当前位置:网站首页>Pytorch convolution network regularization dropblock
Pytorch convolution network regularization dropblock
2022-07-03 02:11:00 【Hebi tongzj】
Address of thesis :https://arxiv.org/pdf/1810.12890.pdf
Paper Abstract
DropBlock It's something like dropout The easy way to , It is associated with dropout The main difference is , It erases the continuous area from the characteristic map of the layer , Instead of erasing independent random units
Similarly ,DropBlock By randomly zeroing the response of the network , Realize the decoupling between channels , It alleviates the over fitting phenomenon of the network
The pseudocode of this algorithm is as follows :
- x: Characteristics of figure ,shape by [bs, ch, h, w]

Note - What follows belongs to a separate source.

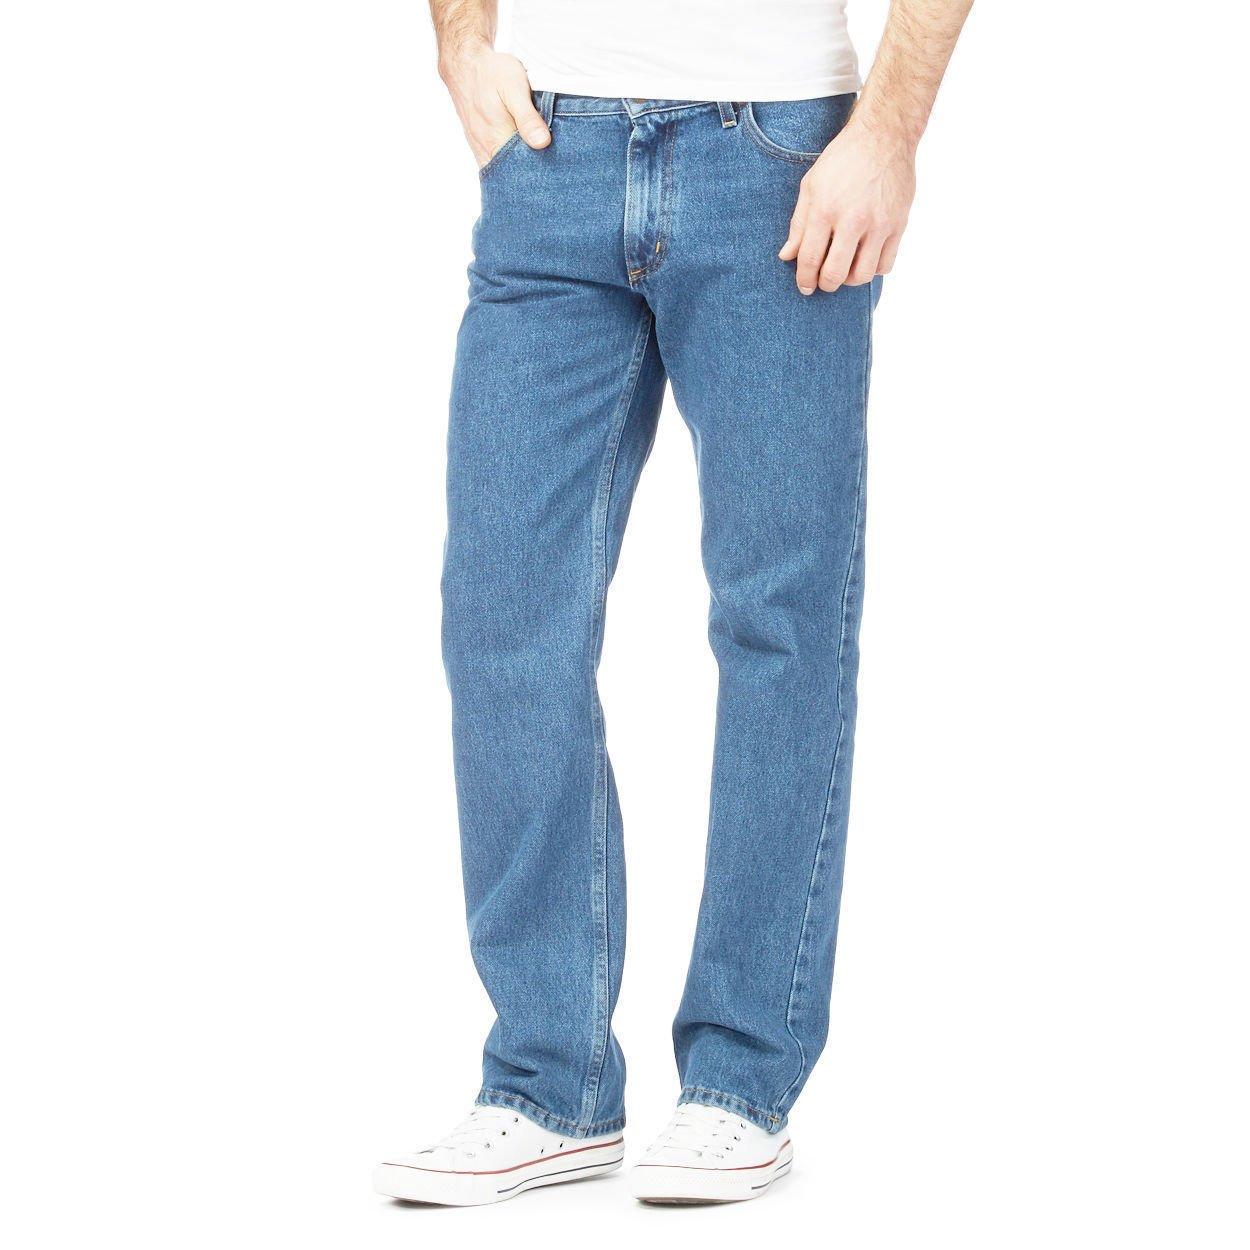 Eshopping Warehouse Mens Denim Jeans Plain Fited Straight Leg Black Blue Denim Jeans All Waist Sizes
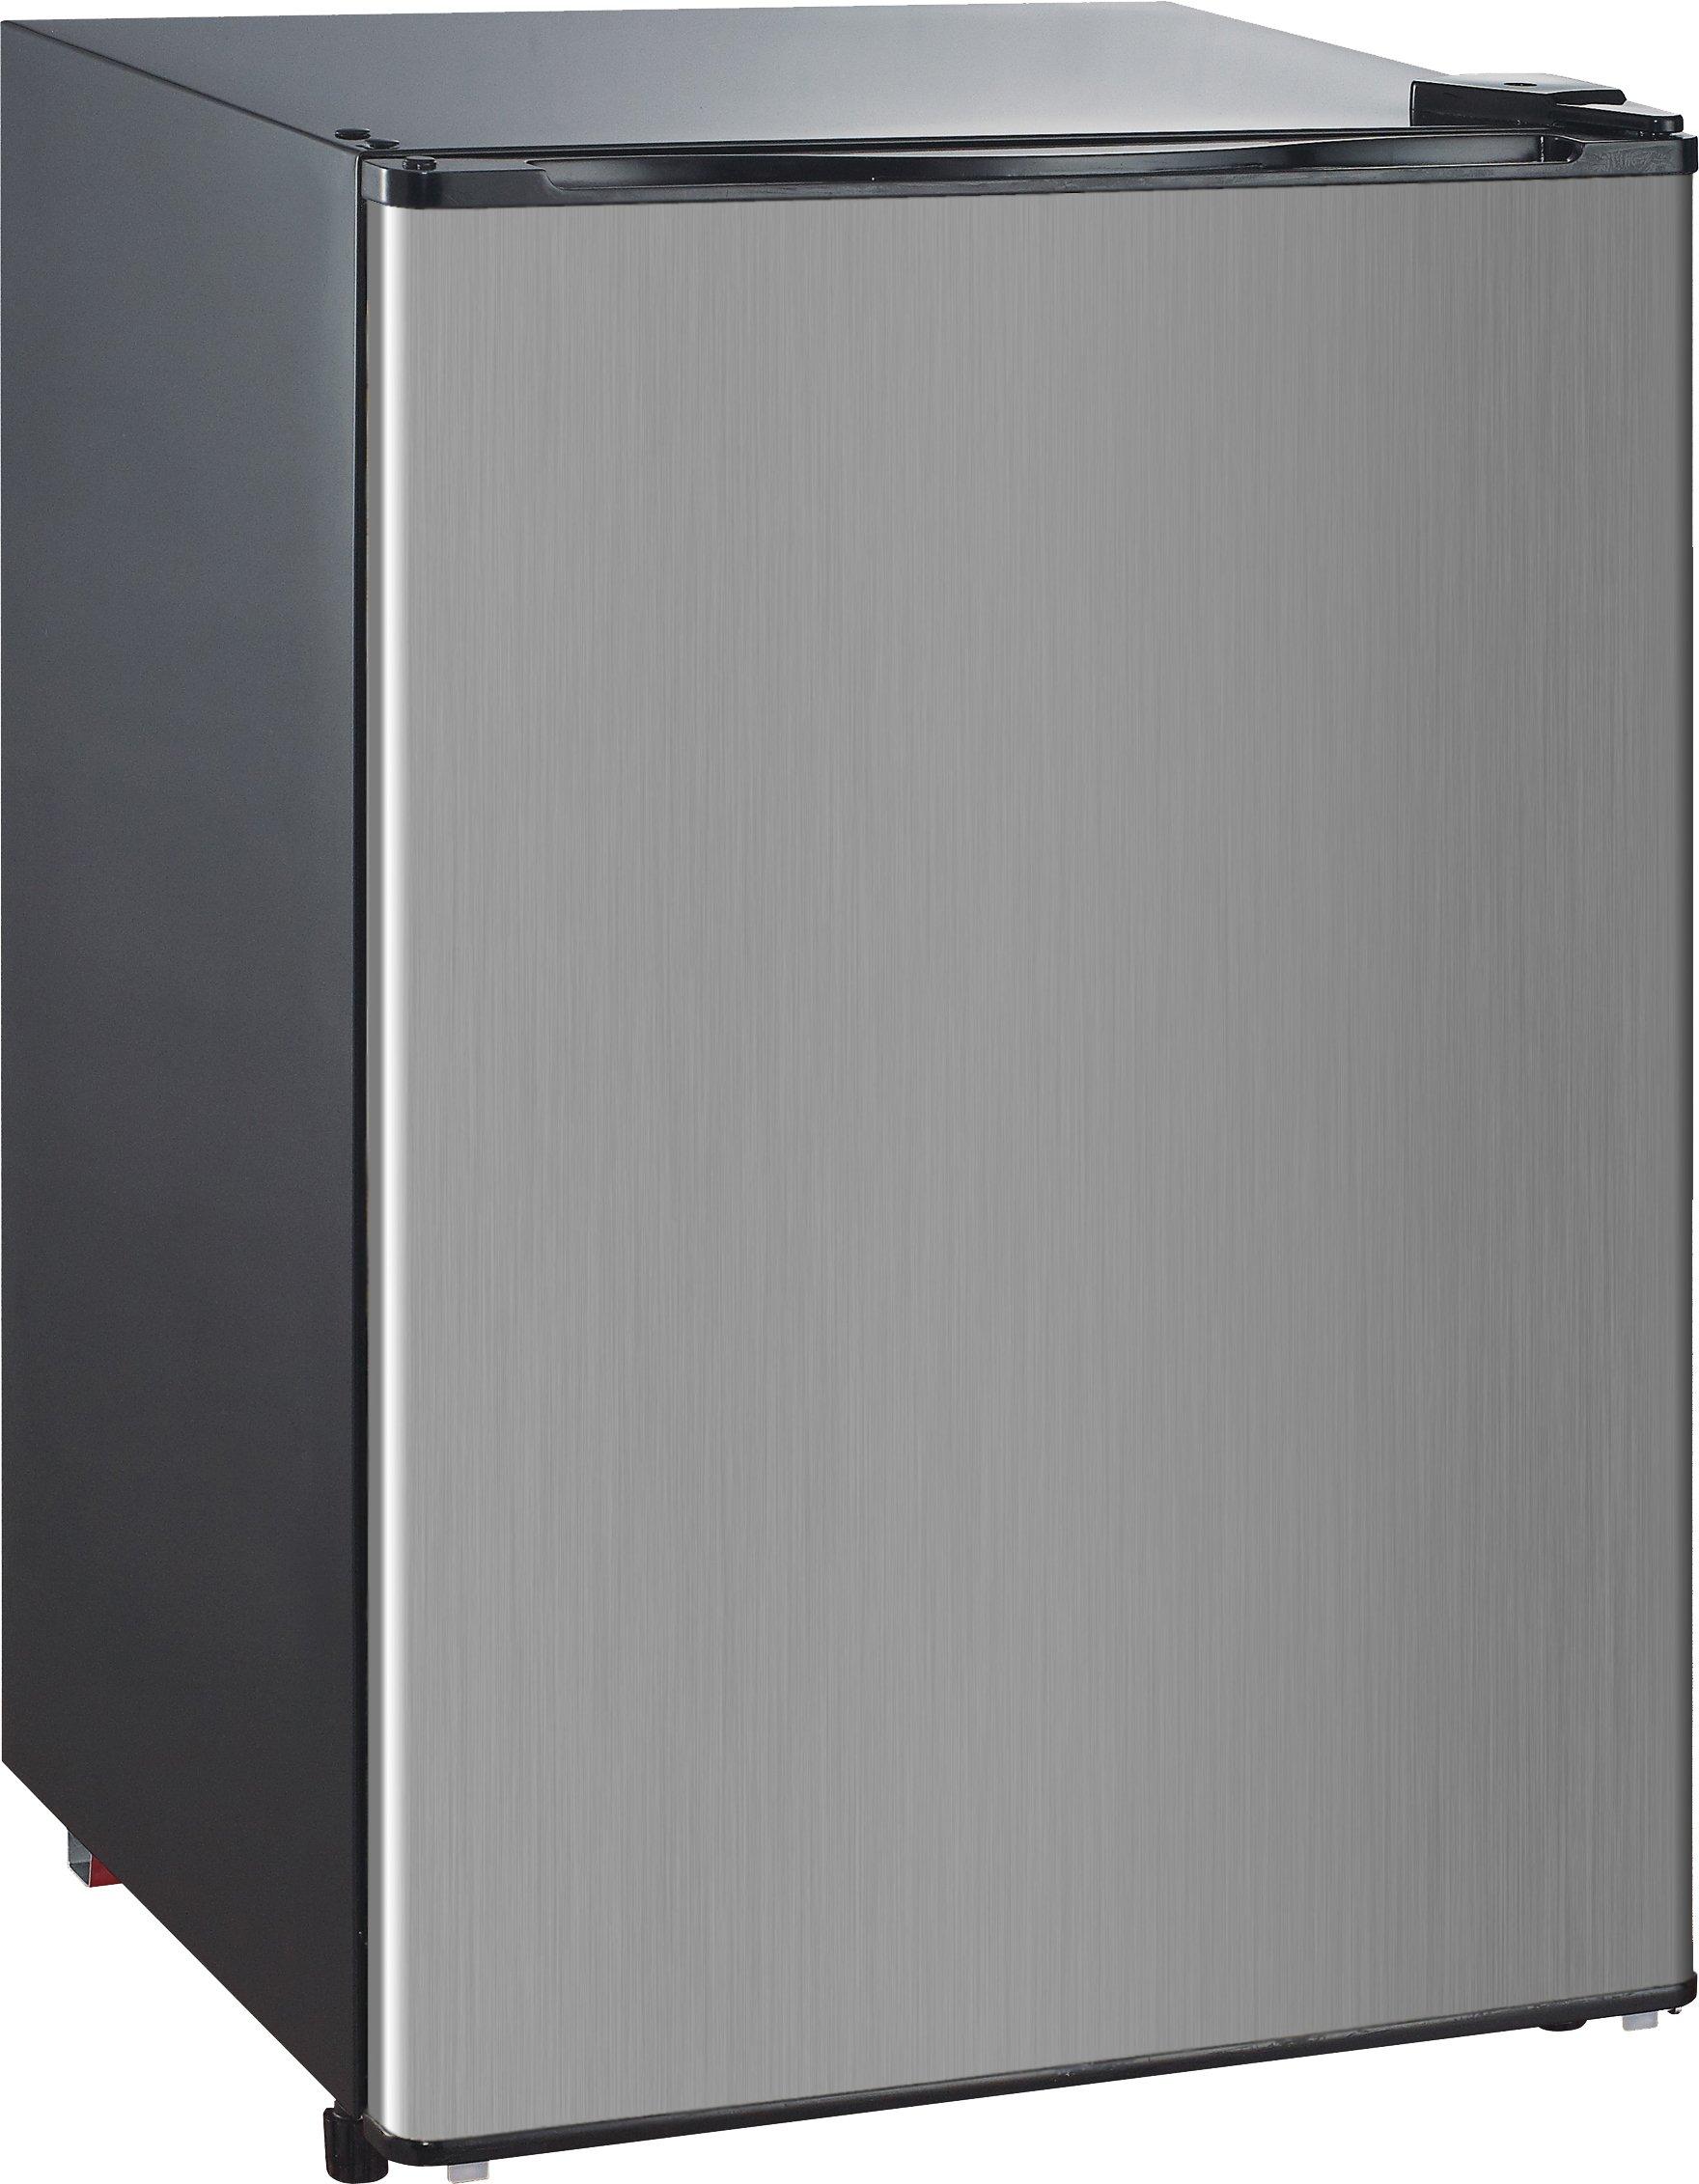 RCA-Igloo 4.6 Cubic Foot Fridge, Stainless Steel

- block_size: Erase the size of the continuous area
- γ: The mean value of Bernoulli distribution , Used to select the center point of the erased area
- trainning: Boolean type , That is the train Mode or eval Pattern
def DropBlock(x, block_size, γ, trainning):
if trainning:
# Select the center point of the area to erase
del_mask = bernoulli(x, γ)
# Erase the corresponding area
x = set_zero(x, del_mask, block_size)
# Feature icon standardization
keep_mask = 1 - del_mask
x *= count(x) / count_1(keep_mask)
return x
# eval There is no behavior in mode
return x
But in the process of concrete implementation , There are many details that need to be added
γ The determination of is through keep_prob The parameters are determined ,keep_prob Indicates the activation unit ( That is, the output is greater than 0) The probability of being retained ,feat_size Is the dimension of the characteristic drawing :
Because at the beginning of training , smaller keep_prob It will affect the convergence of the network , So make keep_prob from 1.0 Gradually reduced to 0.9
From the experimental results, we can see ,ResNet-50 In the use of the DropBlock After that, the accuracy of the verification set has been improved
Here are the differences DropBlock Append position 、 Different approaches 、 Different block_size The impact on the accuracy of the validation set :
- Press the line :DropBlock Added in ResNet-50 Of the 4 After group convolution ;DropBlock Added in ResNet-50 Of the 3、 The first 4 After group convolution
- By column : Only add ; In convolution Branch 、 Add ; In convolution Branch 、 Add , And use keep_prob Attenuation method
In the paper , The optimal hyperparameter is block_size = 7, keep_prob = 0.9, But it still needs to be based on Loss Make adjustments to the changes
DropBlock Reappear
In the realization of DropBlock when , There are the following details :
- keep_prob It's dynamic , Make every time eval Update when
- The center point of the erased area is selected in the active unit ( That is, the output is greater than 0), Make 1 To be selected , Use max_pool2d It can realize the selection of continuous areas , To generate del_mask
- Standardization coefficient = Area of original drawing / Reserved area , But calculating the exact value of the reserved area will cost more computational effort , Slow down the speed of online training , So the standardization coefficient is 1 / keep_prob Approximate substitution
class DropBlock(nn.Module):
''' block_size: Erase the size of the area
keep_prob_init: keep_prob The initial value of the
keep_prob_tar: keep_prob The target value
keep_prob_decay: keep_prob Decay rate of '''
def __init__(self, block_size=5, keep_prob_init=1.,
keep_prob_tar=0.9, keep_prob_decay=1e-2):
super(DropBlock, self).__init__()
self.block_size = block_size
assert self.block_size & 1, 'block_size Need to be odd '
# keep_prob Related parameters
self.keep_prob = keep_prob_init
self._keep_prob_tar = keep_prob_tar
self._keep_prob_decay = keep_prob_decay
# The mean value of Bernoulli distribution
self.gamma = None
def forward(self, x):
# In training mode
if self.training:
*bs_ch, height, width = x.shape
square = height * width
# When γ Set for null
if self.gamma is None:
self.gamma = (1 - self.keep_prob) * square / self.block_size ** 2
for f_size in (height, width):
self.gamma /= f_size - self.block_size + 1
# In the activation area , Select the center point of the erased area
del_mask = torch.bernoulli((x > 0) * self.gamma)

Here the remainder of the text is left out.